Times are still tough, but Sainsbury's and Morrisons both have reasons to be cheerful

Sainsbury's: lower sales and profits, but other figures are more positive
Sainsbury's: lower sales and profits, but other figures are more positive

Sainsbury's and Morrisons released financial results this week, and each has reason for cautious optimism. They have found two different ways to keep winning in difficult times, says brand consultant and retail watcher Kate Jones.

Results out this week paint an OK picture for the UK’s number two supermarket Sainsbury’s and glimmers of hope for a newly slimmed-down and repositioned Morrisons.

Sainsbury’s headline figures - a 14% drop in pre-tax profits to £548m, and like-for-like sales down 0.9% - make uneasy reading, but in a time of retail turmoil, things might not be as bad as they look.

It’s a different story for troubled Morrisons, posting a second quarter of like-for-like growth of 0.7% under new CEO David Potts.

Neither of these are by any means spectacular, but taking the environment into account, both are positive for different reasons: Sainsbury’s is diversifying to combat the future whilst Morrison’s is focusing on the unique point of difference it has to stand out.

Under the bonnet, Sainsbury's engine is running smoothly

According to Kantar, in the first 24 weeks of the year, Sainsbury’s was the only big four retailer to hold market share (16.5%) whilst Aldi and Lidl continued to eat away at the rest of the pack, with a combined rise from 9.2% to 10.4%.

It’s a tough world out there. Aggressive discounting coupled with price deflation are to blame and are not likely to go away, a fact not lost on Sainsbury's CEO Mike Coupe.

He said: "Prices are actually 4% lower, would you believe, than two years ago and that's a reflection of the fact that the market is fiercely competitive - and it will remain so for the foreseeable future."

It appears that the future is definitely in Mr Coupe’s thoughts and the good news you don’t see in Sainsbury's headline figures suggests a simplified core business building on success and looking to widen its appeal and reach.

  • A diversified offer: Clothing sales outperformed the market with growth of 8.5%, while Sainsbury’s bank generated £65m in profit underwriting reports of a new mortgage play

  • A multichannel approach: Online sales were up 9%, convenience stores saw growth of 9% - Sainsbury’s now has more than 100 more convenience outlets than supermarkets in the overall portfolio, matching shifting shopper habits

  • A leaner and meaner core: Cost savings of £225m in the last 12 months

Let’s not forget the potential game-changer in the pipeline with the Argos (Home Retail Group) takeover.

What may be seen as a distraction could also be a necessity in terms of diversity and breadth of range, not to mention point of distribution and multichannel delivery.
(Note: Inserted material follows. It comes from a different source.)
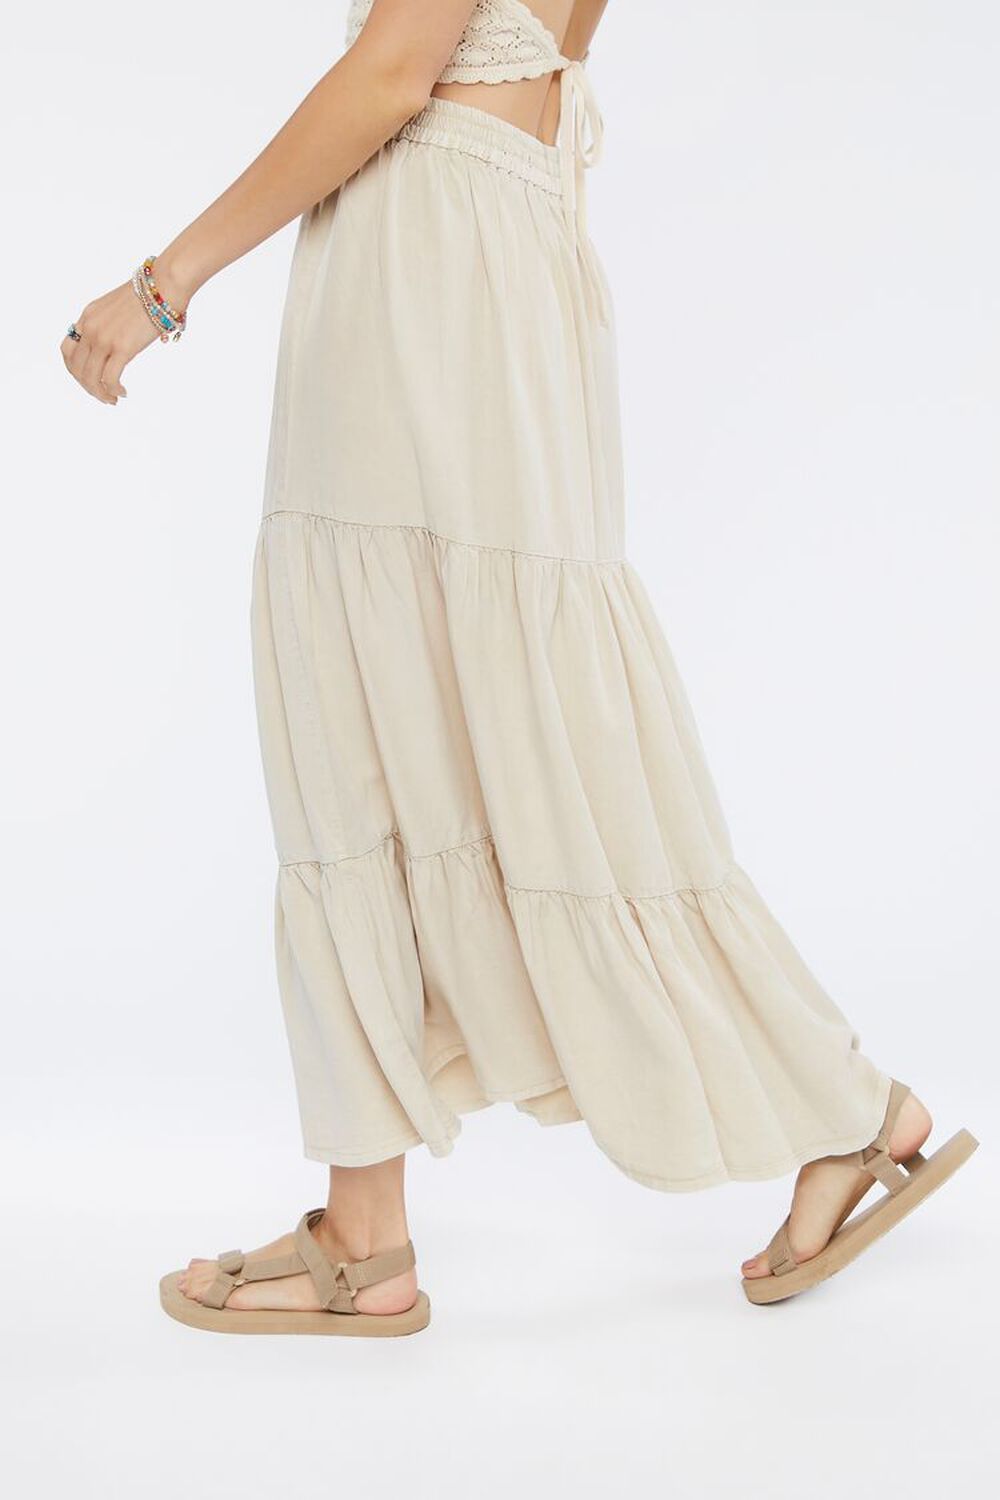 SANDSHELL Tiered High-Rise Maxi Skirt, image 3

This is not a business content with standing still.

Morrisons has located its USP

Morrisons, on the other hand, has taken a good hard look at itself and amid the nightmare of store closures and laying-off of staff, has discovered something quite marvelous.

This retailer is also the second biggest food producer in the UK.

Leveraging this capability is the very foundation of its recovery - and things look good too. If the business can make it work, it could pose a real challenge to the status quo.

The rumoured launch of Amazon Fresh as early as this mid-May is no doubt being hotly anticipated by the big four.

Morrisons already has a trading relationship with Amazon with respect to online delivery, but as a food producer this could no doubt be much extended for mutual benefit.

In a time of food deflation and shift to online, who would have thought that grocery retailing would be so exciting?

A year ago, few would have predicted Morrisons to be in the positive position it is in today. Talk of discounters and price wars is starting to feel a little old hat now, and looking to the future with strong, cohesive and bold strategies appears to be the order of the day.